If thy dovetail offend thee, cut it off!









I decided to not use these dovetails that I have been practicing on. I read on two different articles that you should practice on scrap wood and not on your project (which is what I have been doing). Plus, I want the joints to reflect a similar quality/skill level as the rest of the project. So, I am "ditching" these dovetail pieces and transitioning to rabbet joints (not as strong, not as "flashy", but adequate) with oak dowels for added strength and appearance. I actually bought enough wood to cover this design change when I had to replace the pins on dovetail number two that I cut matching the tails (oops!).

I made a quick and expedient marking gauge.









The only thing to buy is a thumb screw and dowel. Cheap.









Works pretty well on soft yellow pine.









Also made a couple of bench hooks out of some scrap white pine I had laying around. Really soft wood, but works for what I am doing. Really makes cutting the joints (all straight cuts now) so much easier - and more accurate!
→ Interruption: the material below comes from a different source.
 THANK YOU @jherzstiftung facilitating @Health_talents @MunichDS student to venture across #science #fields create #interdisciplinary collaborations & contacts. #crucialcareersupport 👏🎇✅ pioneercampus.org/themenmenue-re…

Not extremely precise, but accurate enough and square enough for what I am doing on this project. It is pretty soft wood, but I don't have any wood that is actually that hard except for a couple of tiny sticks of red oak. Otherwise I have always worked with construction lumber which is fairly soft (except for some old seasoned wood from old chicken barns and old farm houses).









OK, here is the first rabbet cut - all made with just the back saw. Not too shabby. I'm getting better at cutting my straight cuts accurately. I'm thankful for that.









Straight lines, straight cuts. The marking gauge helps a lot.









This is the first rabbet joint held together to see how close my saw cuts come to fitting. Acceptable. I like the way it looks too.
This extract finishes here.